The original method for the successful ex vivo propagation of P. falciparum described culture of the parasite under static conditions (Trager-Jensen method). James B. Jensen joined Trager's laboratory as a post-doctoral fellow in 1976. He decided to employ a candlejar instead of the CO_{2} incubator. In the summer of 1976 Milton Friedman, a graduate student in the Trager lab who was working in the MRC laboratories in The Gambia, arranged for a sample of human blood infected with P. falciparum to be sent to New York City.
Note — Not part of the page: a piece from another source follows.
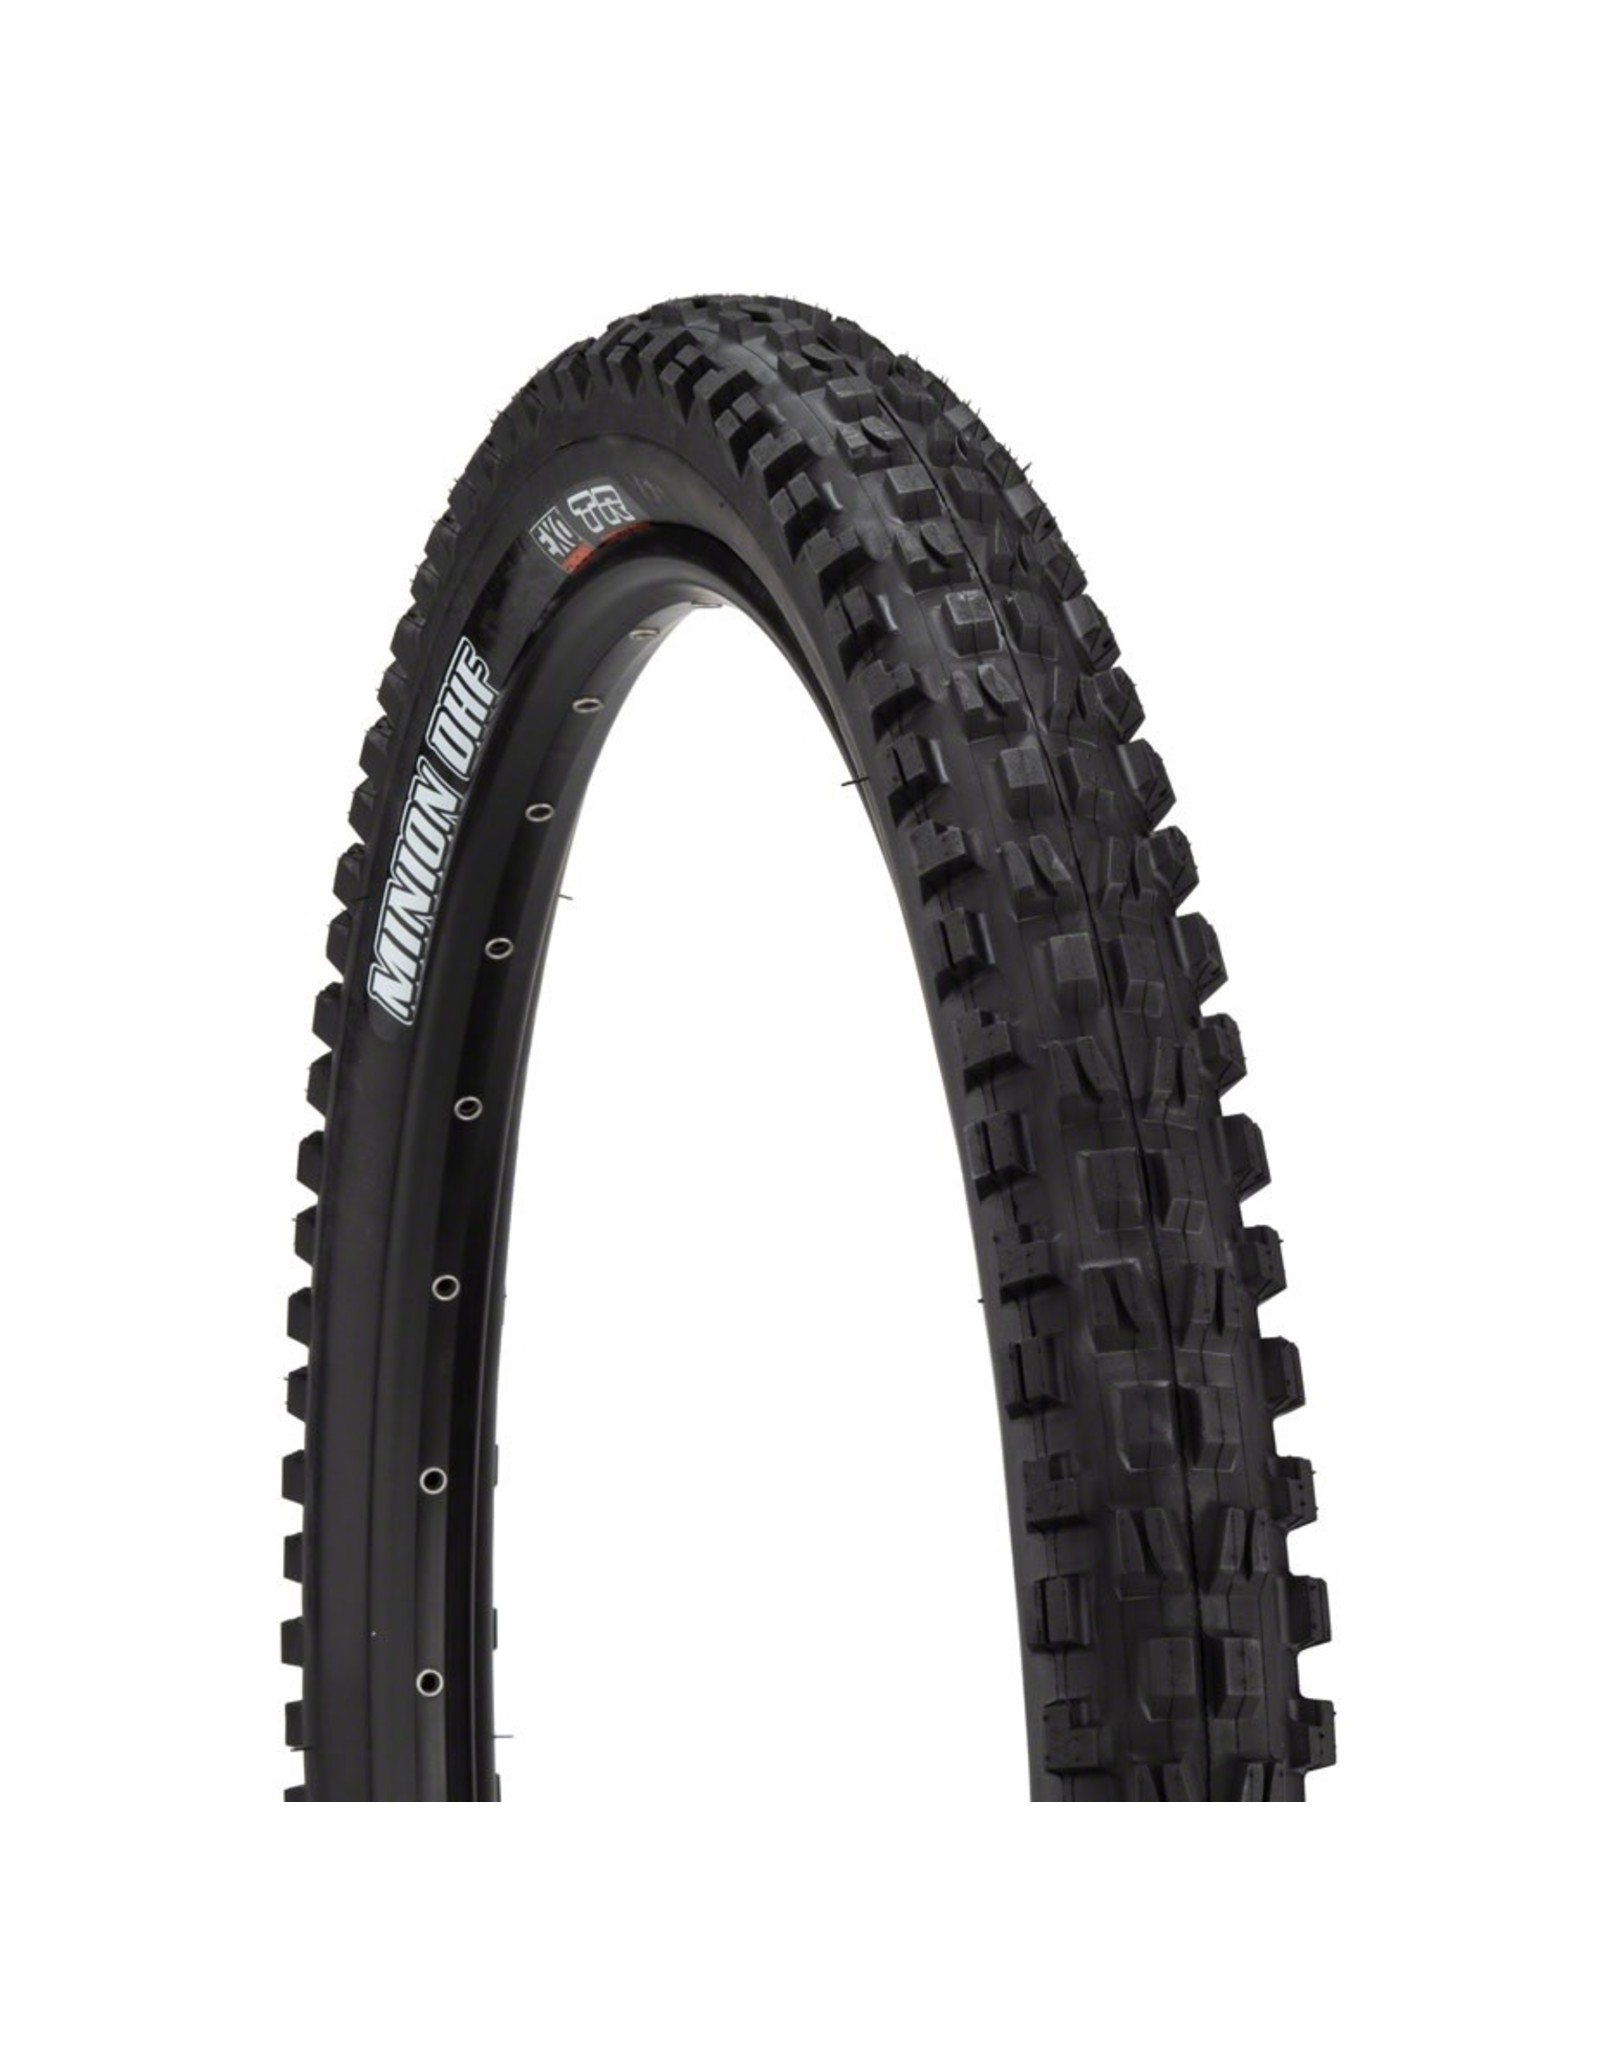 27.5 tubeless tires

This was diluted with RPMI 1640 (which turned out to be the best of the commercial media) in Petri dishes, placed in a candlejar and incubated. The line grew very well and became FCR-3/Gambia, one of the most widely used strains. Later, other lines would be established using similar methods and the impact of continuous cultivation of P. falciparum was phenomenal especially for the testing of putative antimalarials and for deciphering its genes. A number of subsequent reports (from as far back as the early 1980s), showed that cell suspension (using a shaking-incubator) significantly increased culture growth. Continuous agitation has also been shown to improve other parameters of culture growth relevant to researchers, such as the prolongation of culture synchrony after synchronization procedures, and a reduction of the rate of multiple infections. Despite this, the practice of culturing the parasite under static conditions remains widespread. The greatest value of the candlejar method is that it can be used in laboratories almost anywhere in the world where there is an incubator, a candle and a desiccator. Around 60% parasitized cells can be obtained using optimized culturing conditions. Recent studies of P. falciparum isolated directly from infected patients indicate that alternative parasite biological states occur in the natural host that are not observed with ex vivo cultivated parasites.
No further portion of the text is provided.